The launch comes as the stablecoin market expands beyond crypto-native commerce to payments, banking and settlement uses.
PENNY currently supports six stablecoins – USDT, USDC, USDG, RLUSD, PYUSD and AUSD – across Ethereum, Tron, Solana and several Layer 2 networks, with more assets expected to be added regularly.
B2C2 said PENNY allows users, including banks, merchant acquirers, exchanges and stablecoin infrastructure companies, to automatically trade between tokens without fees or counterparty risk.
The swaps are settled on-chain through B2C2’s institutional trading infrastructure, which processes around $1 billion in daily stablecoin volume.
“Stablecoins have grown out of the use of crypto commerce,” said Thomas Restout, B2C2 Group CEO, in the announcement.

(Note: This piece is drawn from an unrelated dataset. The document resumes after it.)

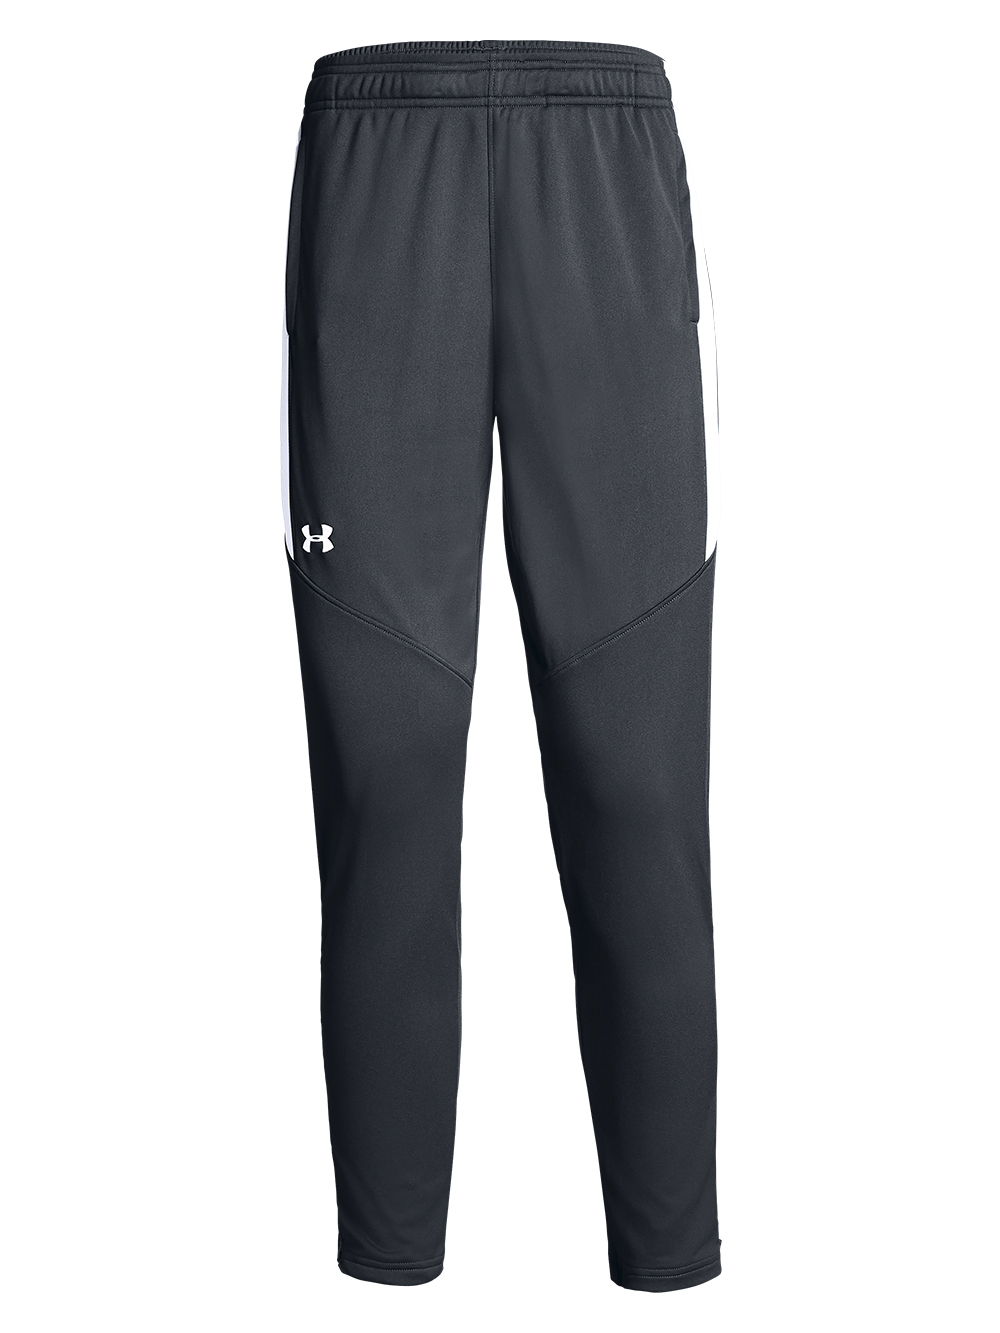 under armour womens pants tall
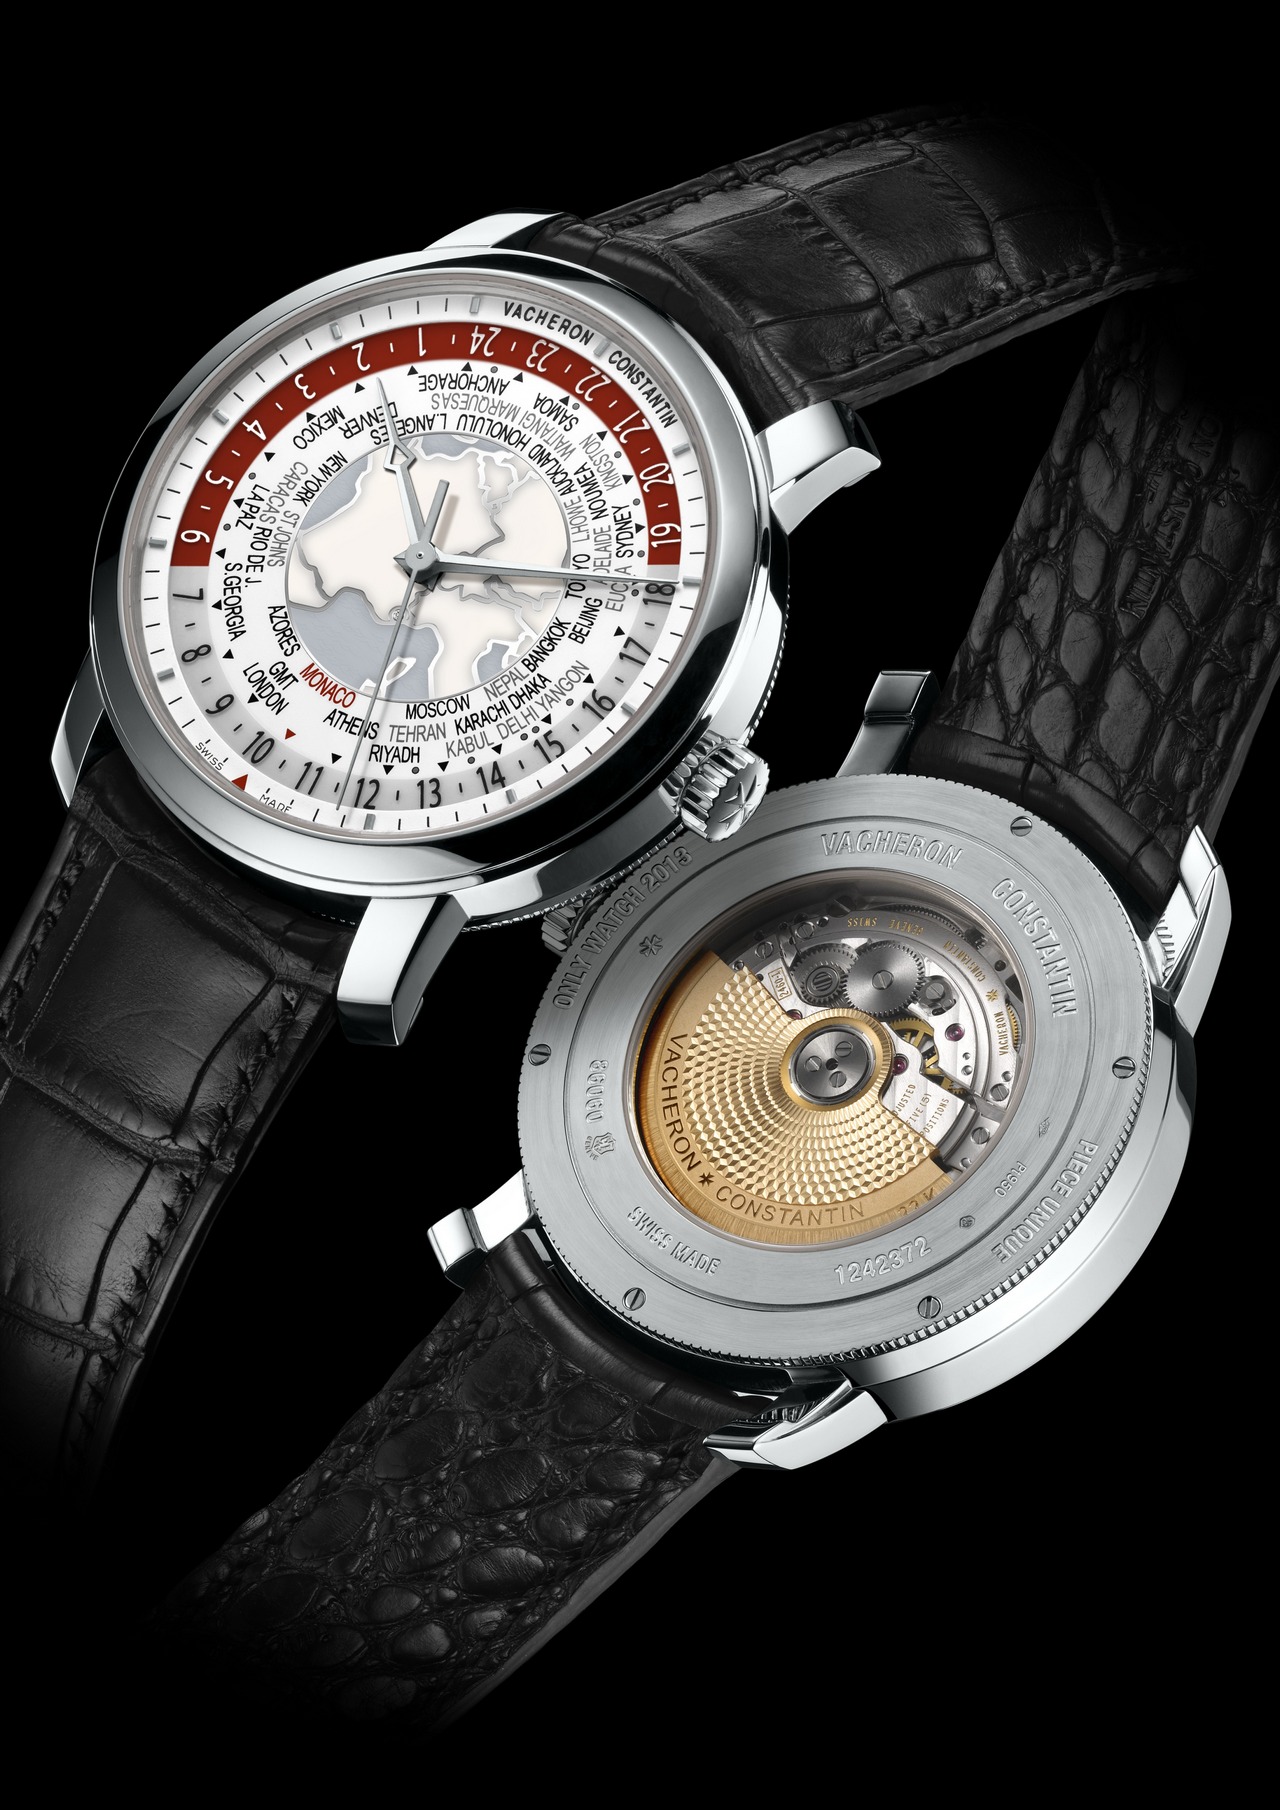 anteprima-only-watch-2013-vacheron-constantin-patrimony-traditionnelle-world-time_0-100_6

“As traditional financial institutions and businesses increasingly adopt stablecoin payment rails, PENNY offers them valuable infrastructure for real-time execution and settlement without the risk of network fragmentation or the friction and high costs of trading on exchanges,” he added.

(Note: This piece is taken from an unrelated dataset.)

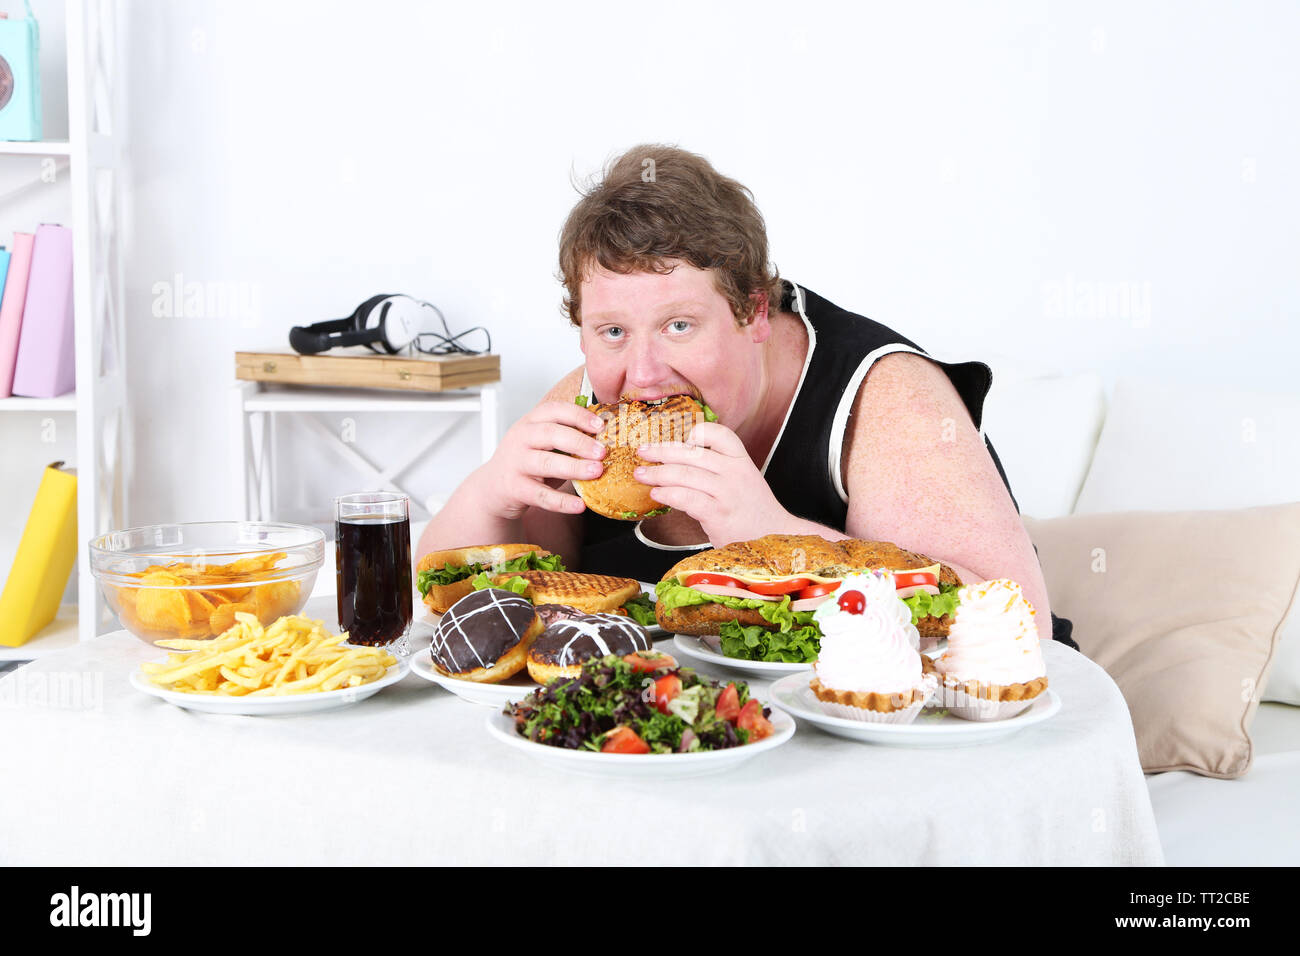 High Quality Fat man eating a lot of unhealthy food, on home interior backgro Blank Meme Template

The launch follows accelerating regulatory clarity in the US, EU and Asia, which has spurred the adoption of regulated stablecoins and encouraged new issuers, including banks and fintechs.
“PENNY is an instant and cost-free facility aimed at the real economy,” B2C2 US CEO Cactus Raazi said in an interview with CoinDesk.
The platform is an “important development in the market structure” and a major step forward in the development of the stablecoin market, Raazi added.
Wall Street bank Citi ( C ) expects the global stablecoin market cap to grow from around $300 billion in 2025 to as much as $4 trillion in 2030.
Founded in 2015, B2C2 is one of the earliest and largest institutional liquidity providers in crypto, enabling more than $2 trillion in trading volume across 15 blockchains. The firm operates regulated entities in the Americas, Europe and Asia-Pacific.